- **Information supplied**

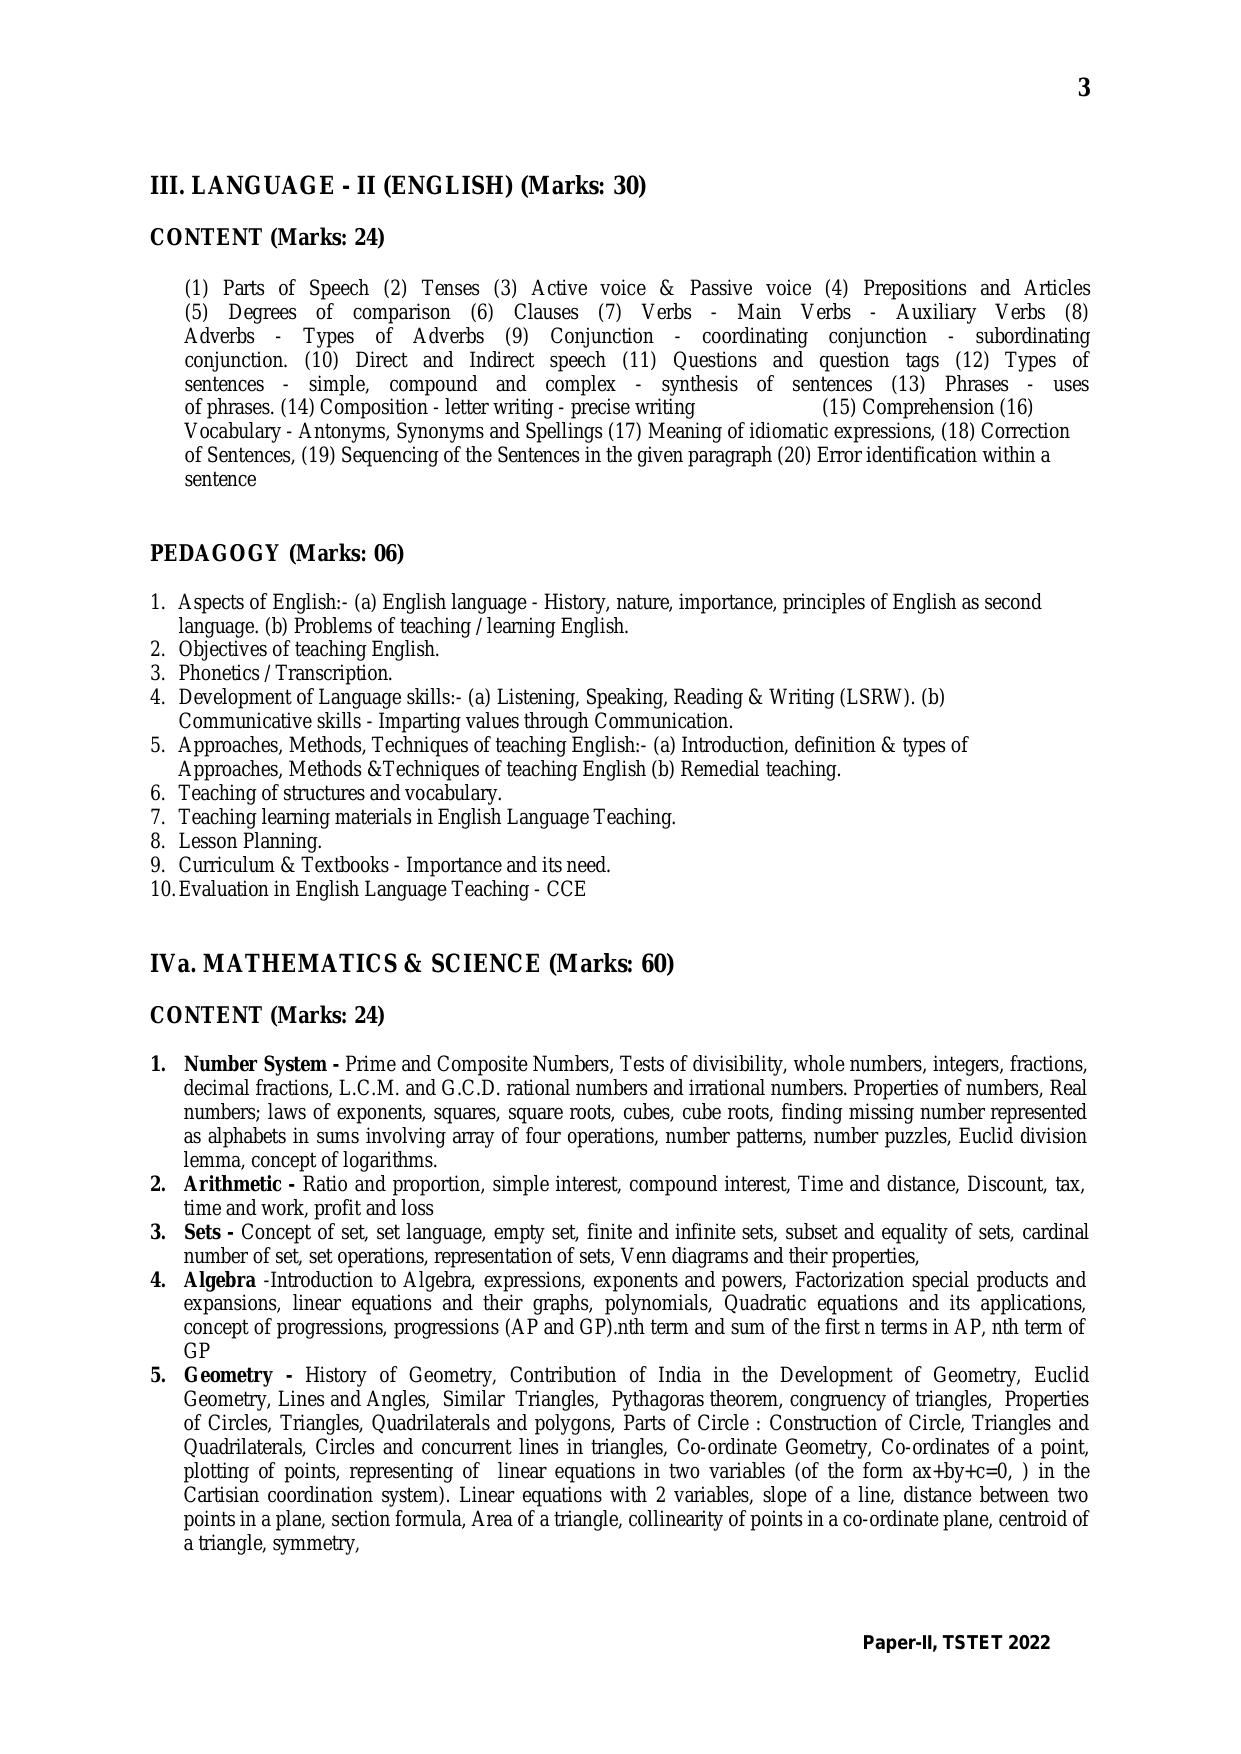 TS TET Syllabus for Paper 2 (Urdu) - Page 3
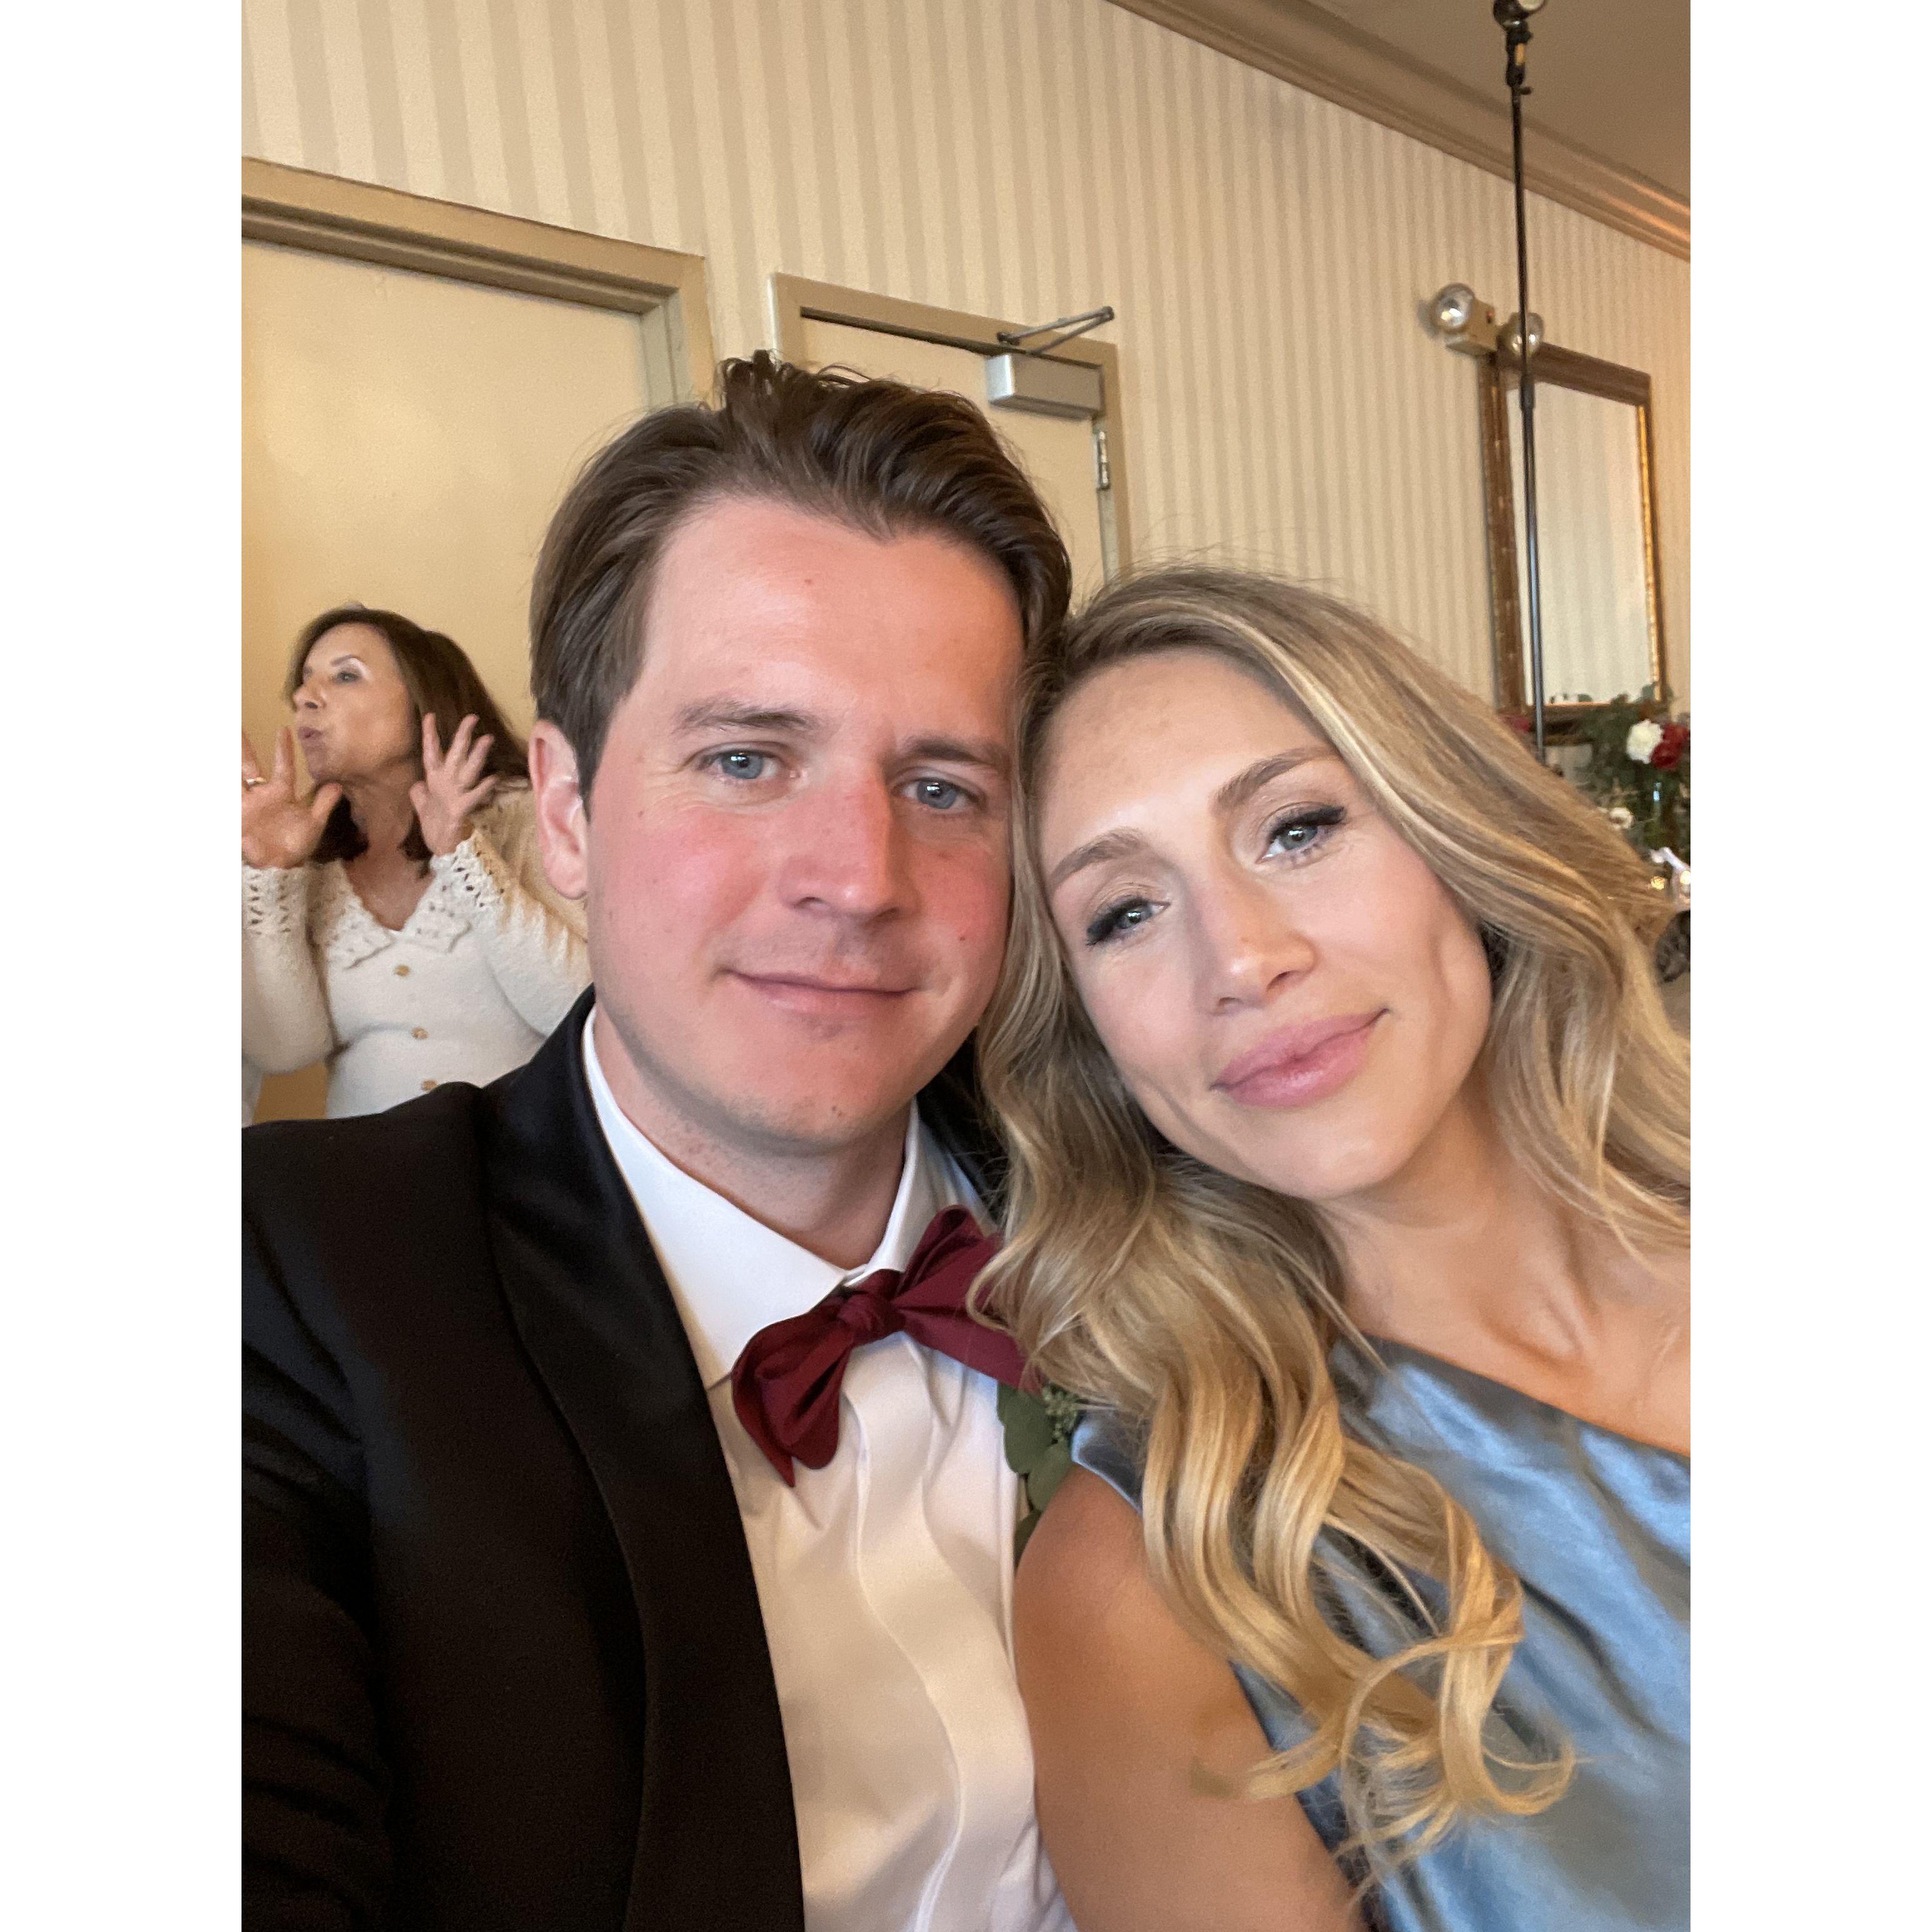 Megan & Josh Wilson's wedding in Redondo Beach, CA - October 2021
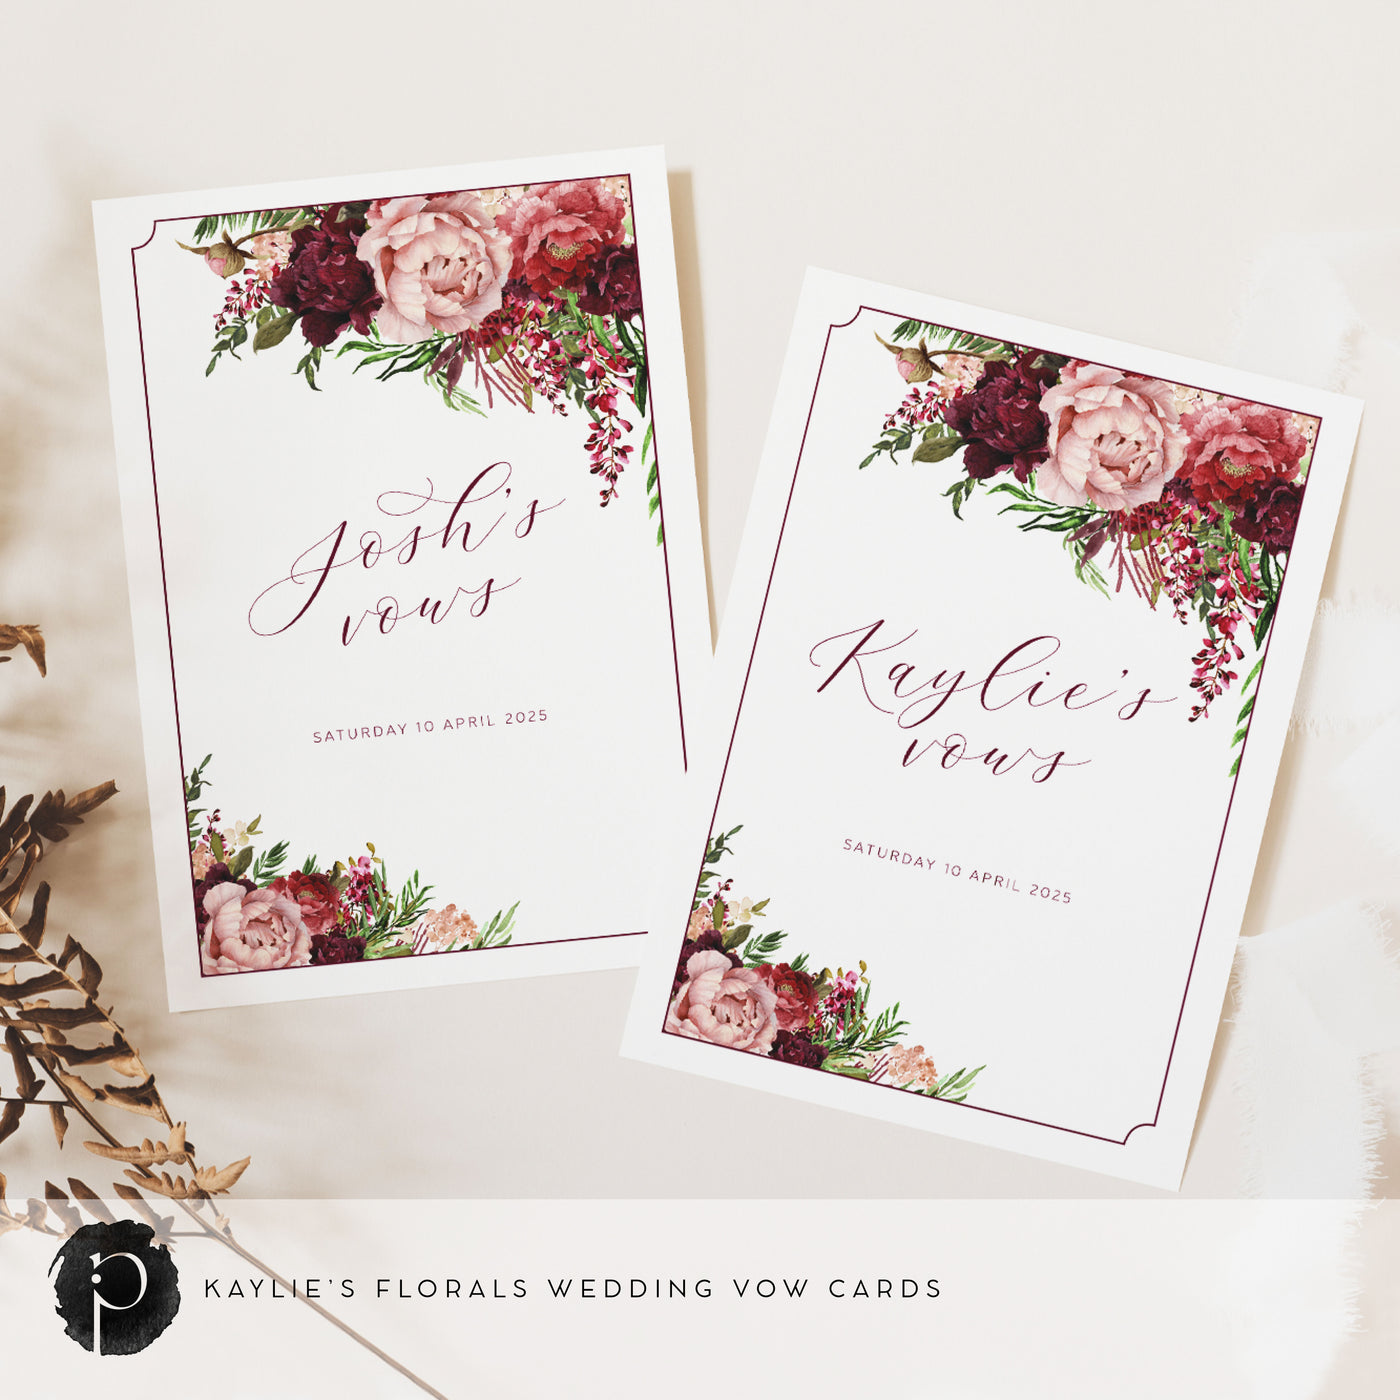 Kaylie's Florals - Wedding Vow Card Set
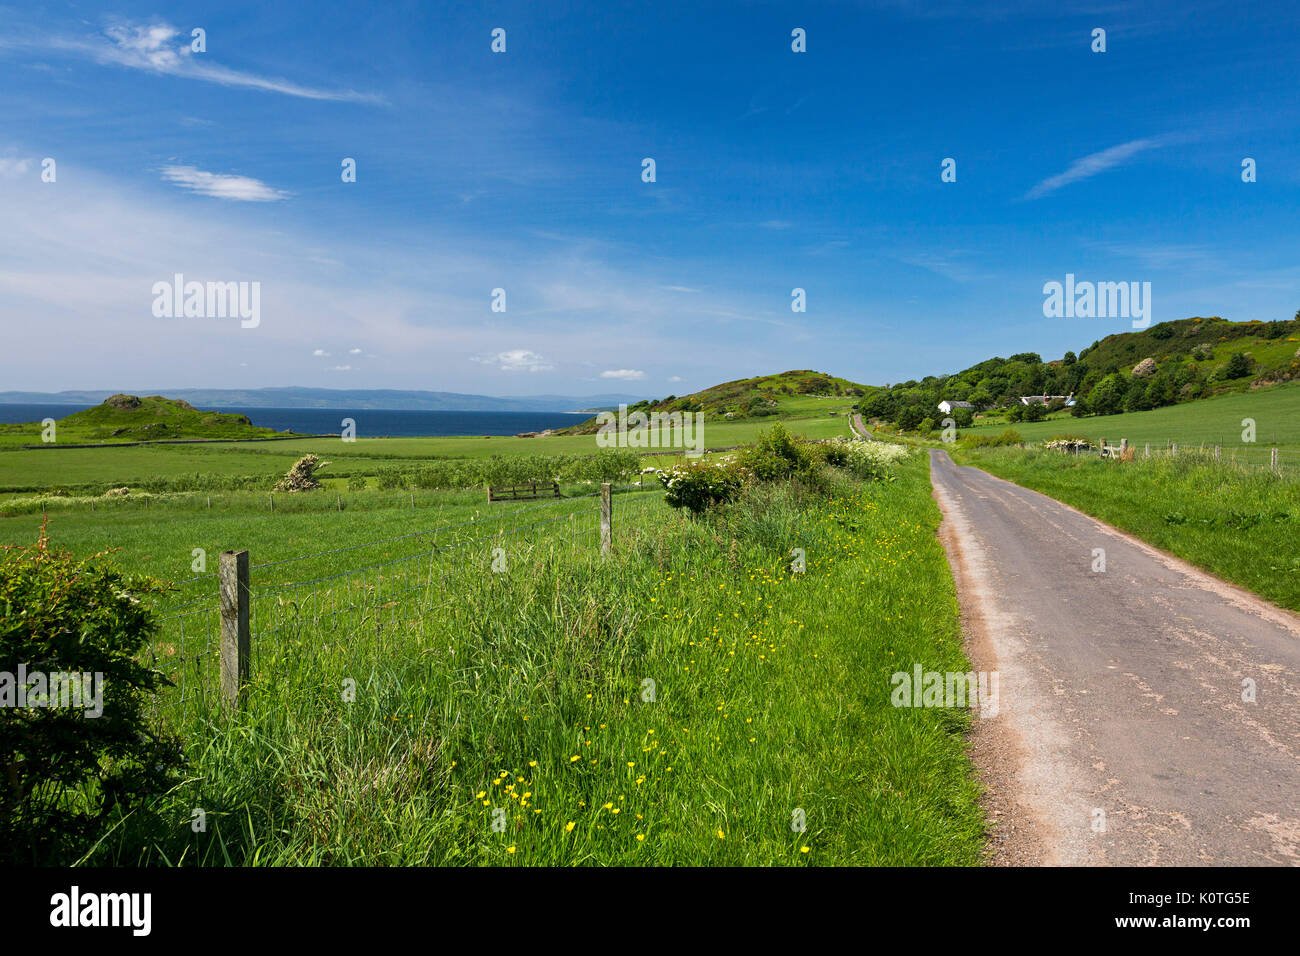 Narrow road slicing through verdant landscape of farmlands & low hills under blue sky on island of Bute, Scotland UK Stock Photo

- **Task directions**
Drop the pictures and reproduce the rest of the data exactly.

- **Written solution**
 TS TET Syllabus for Paper 2 (Urdu) - Page 3
 Megan & Josh Wilson's wedding in Redondo Beach, CA - October 2021
 Kaylie's Florals - Wedding Vow Card Set
 Narrow road slicing through verdant landscape of farmlands & low hills under blue sky on island of Bute, Scotland UK Stock Photo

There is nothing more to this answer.